### WHAT TO DO
Skip the pictures. Output only the lines below starting at the line with "Gillette Labs Razor" and ending at the line with "Alex is wearing", both ends included, exactly as they are.

### INPUT MATERIAL
══════════════════════════════
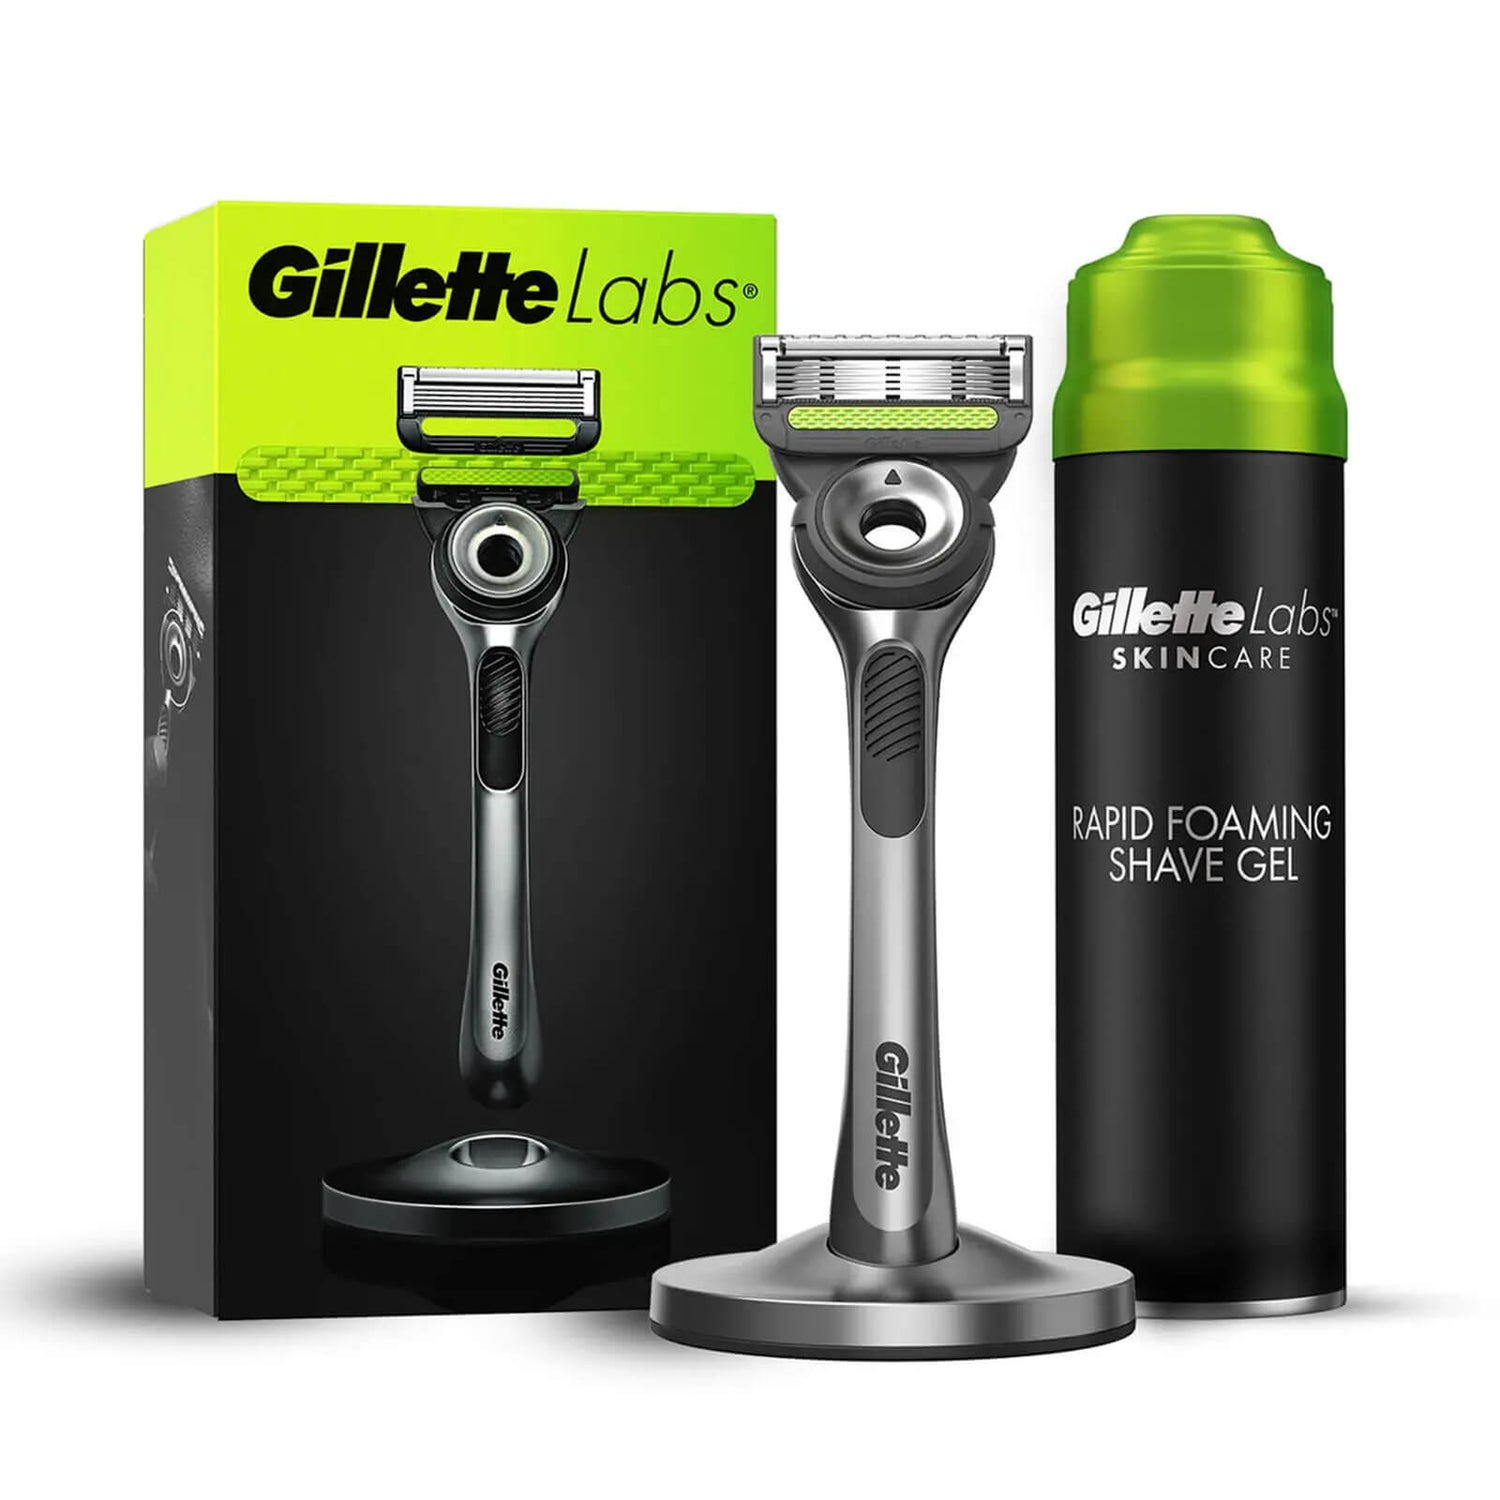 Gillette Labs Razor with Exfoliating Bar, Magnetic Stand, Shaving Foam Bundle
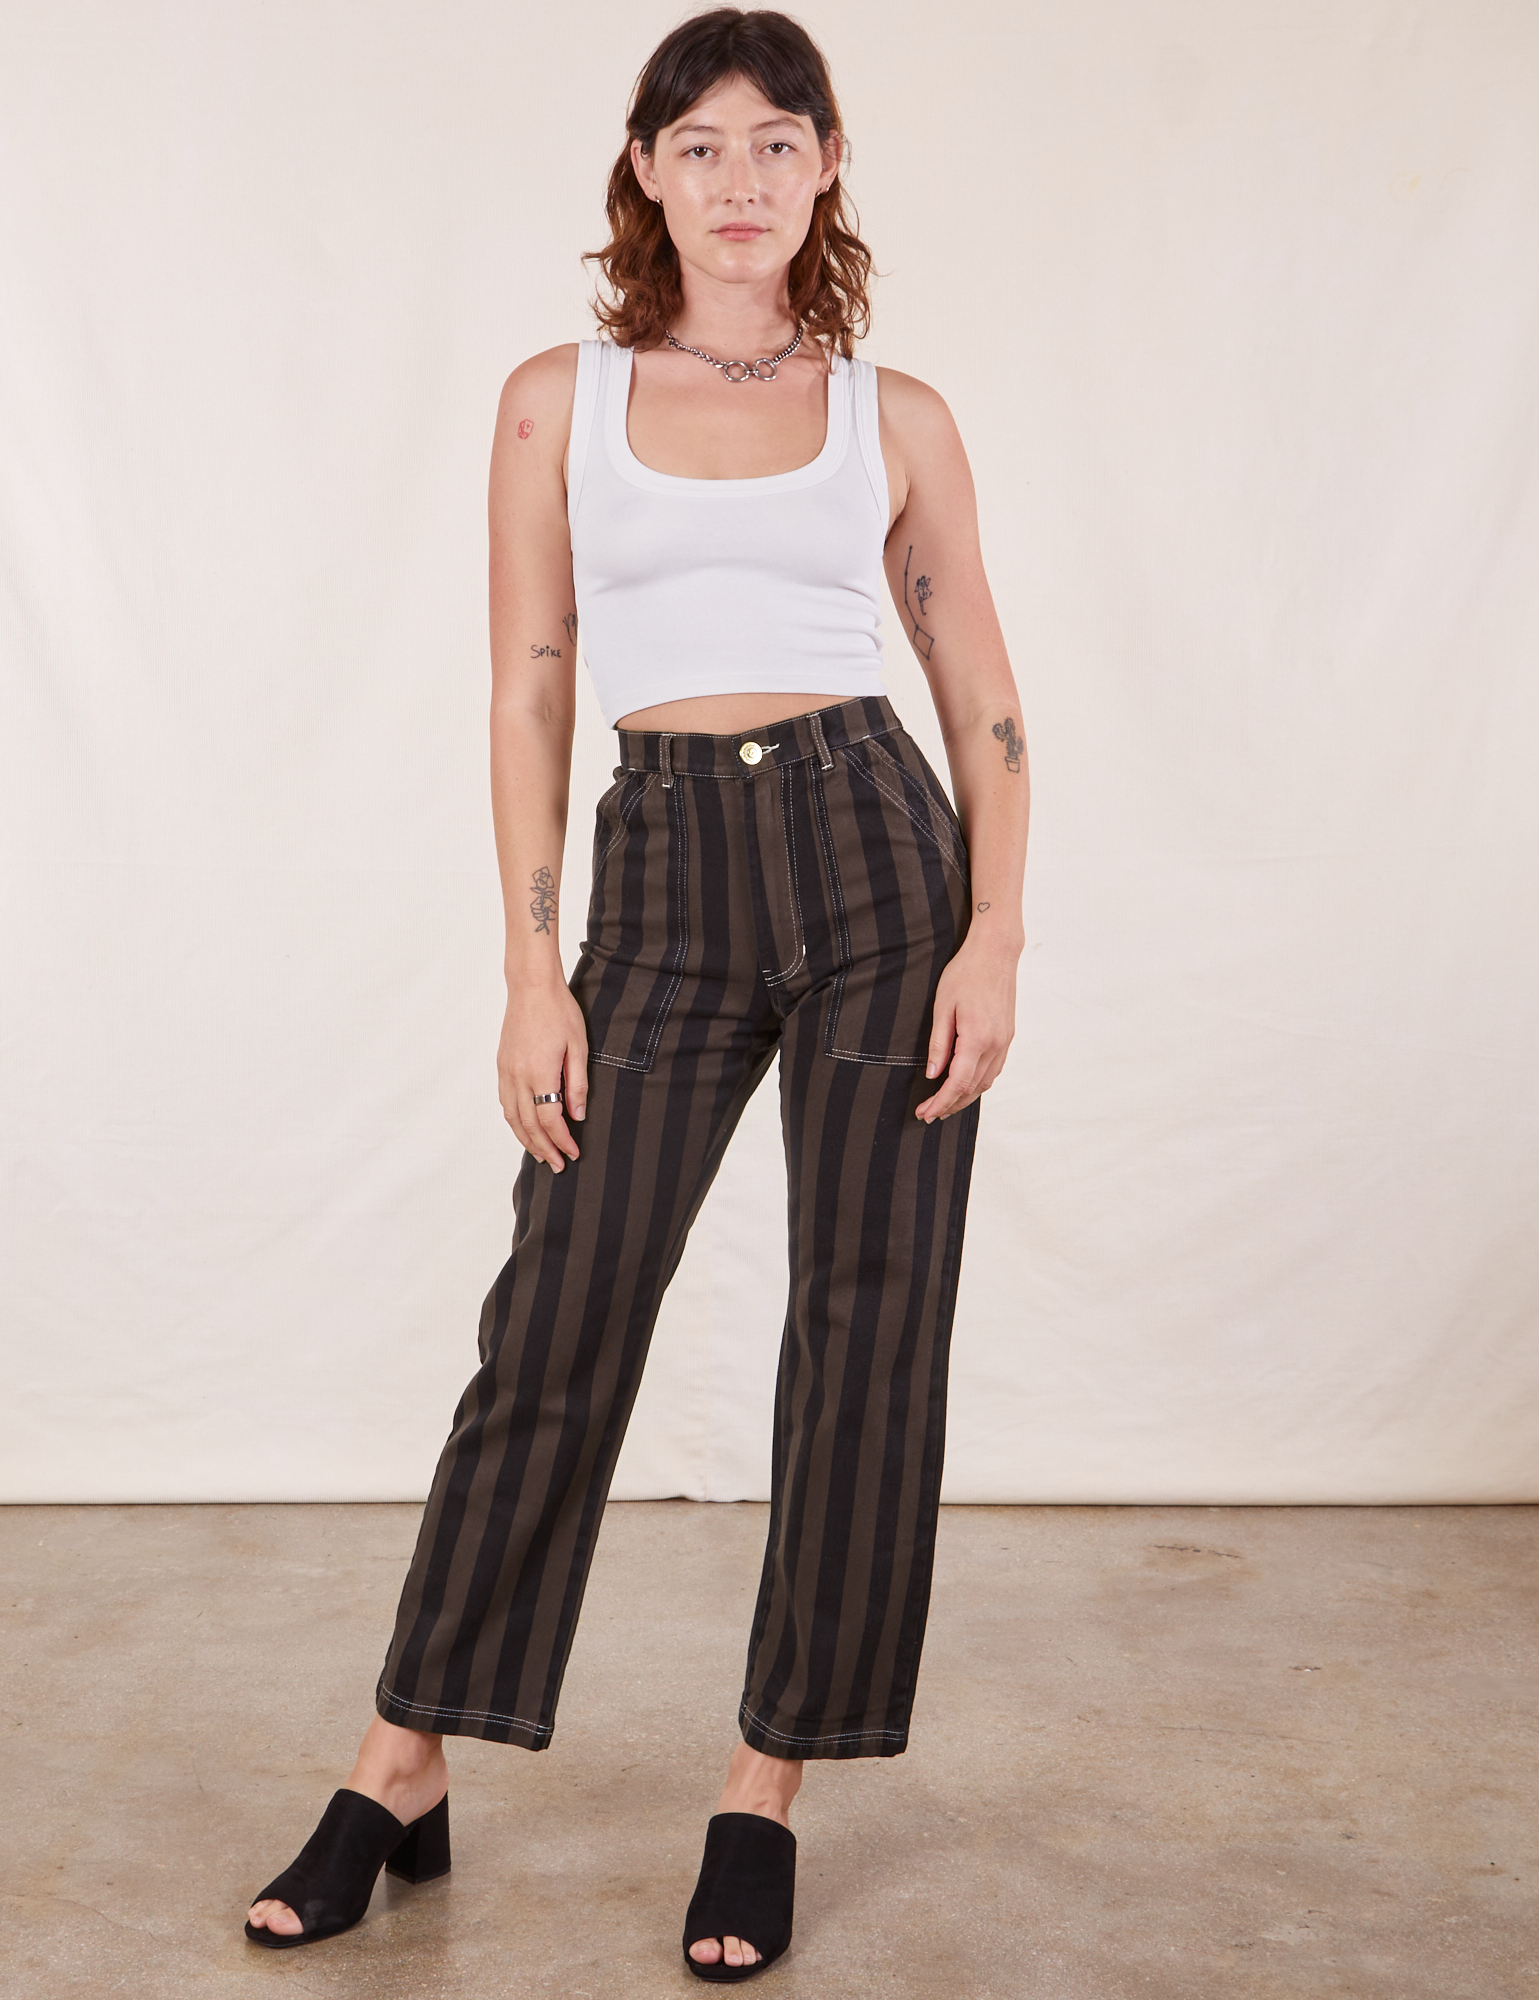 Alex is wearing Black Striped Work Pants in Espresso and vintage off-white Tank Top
══════════════════════════════
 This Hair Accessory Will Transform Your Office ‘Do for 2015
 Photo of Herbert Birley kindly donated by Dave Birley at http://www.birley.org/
══════════════════════════════
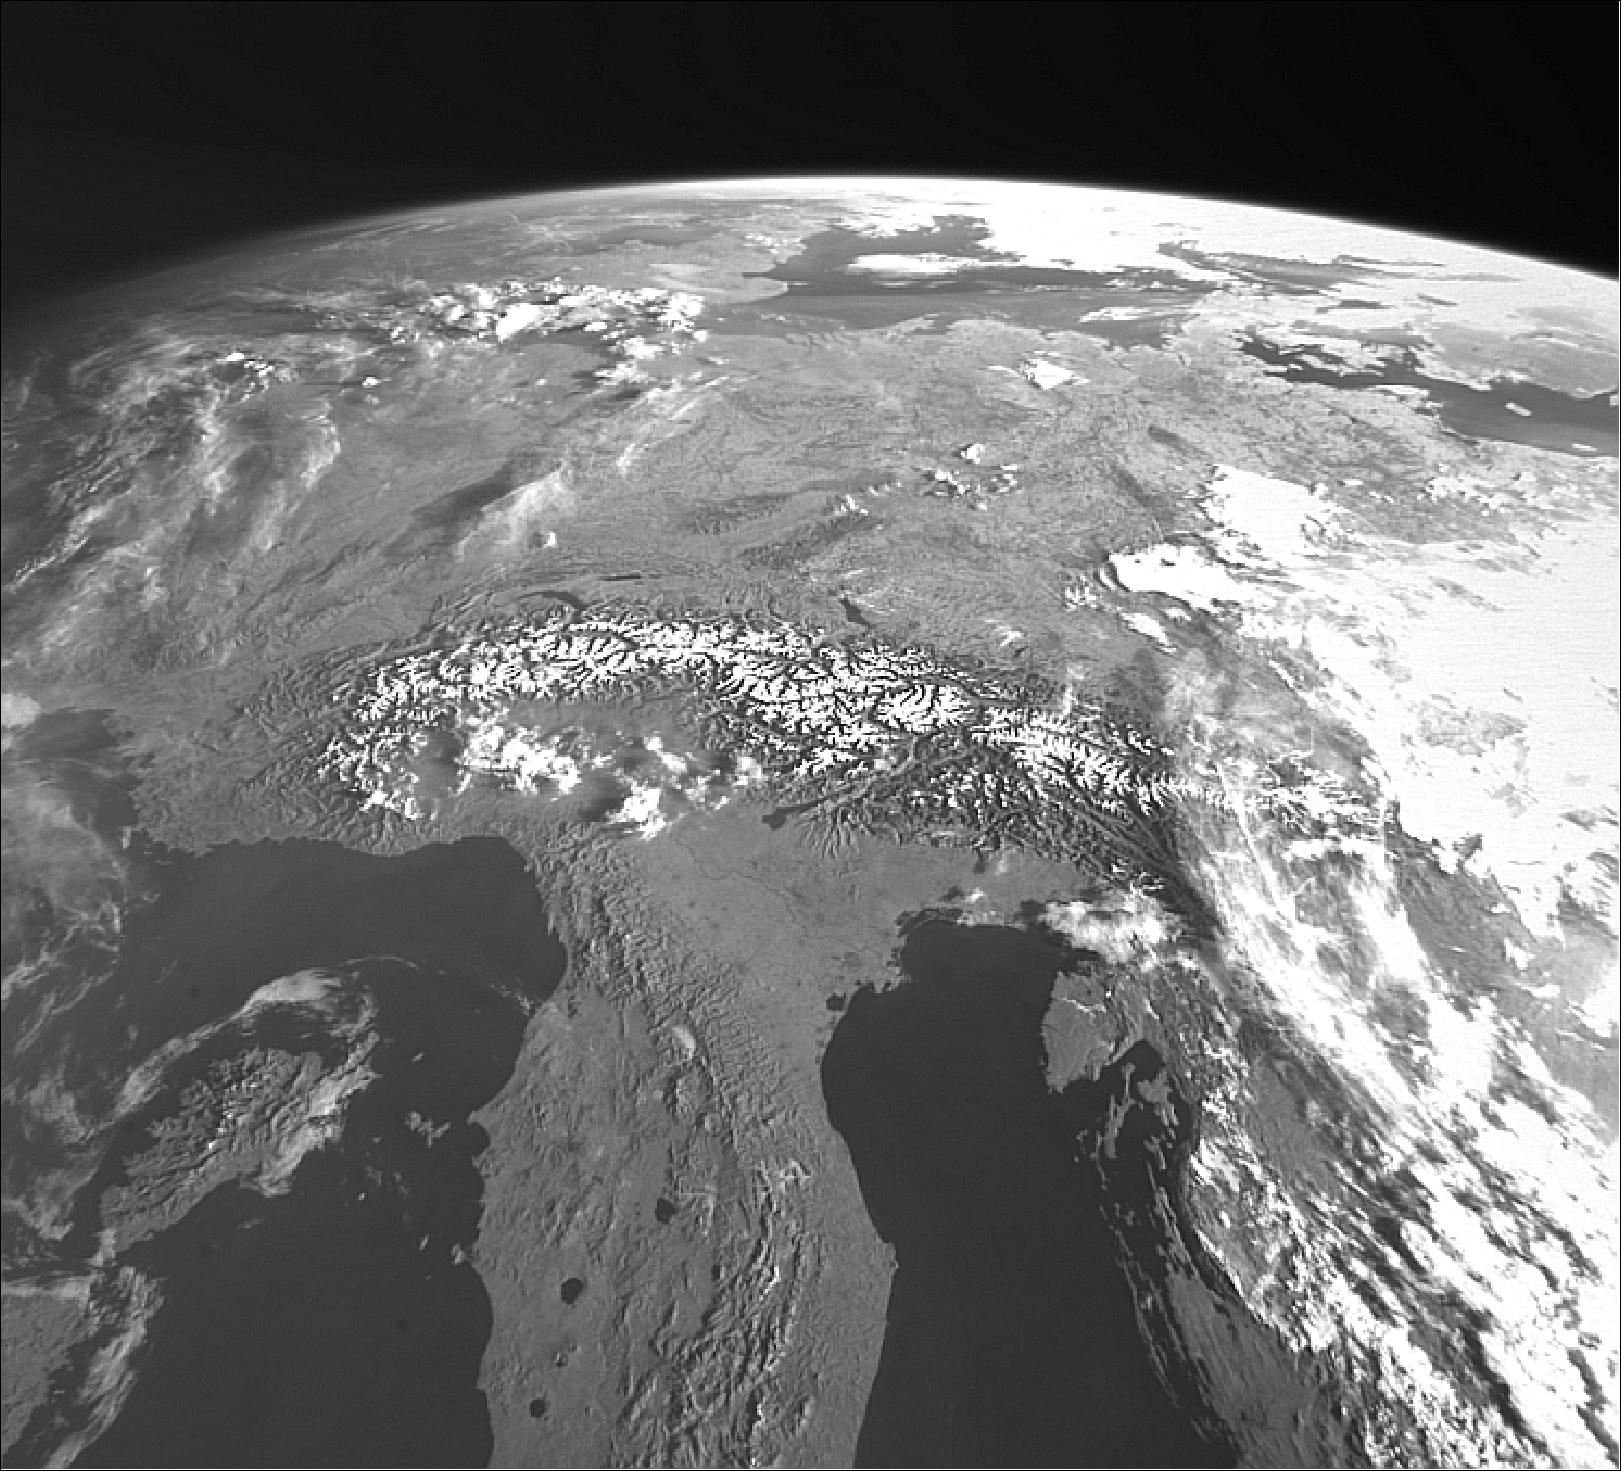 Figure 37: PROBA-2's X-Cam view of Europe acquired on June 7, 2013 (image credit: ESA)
══════════════════════════════
### ANSWER SECTION
 Gillette Labs Razor with Exfoliating Bar, Magnetic Stand, Shaving Foam Bundle
 Alex is wearing Black Striped Work Pants in Espresso and vintage off-white Tank Top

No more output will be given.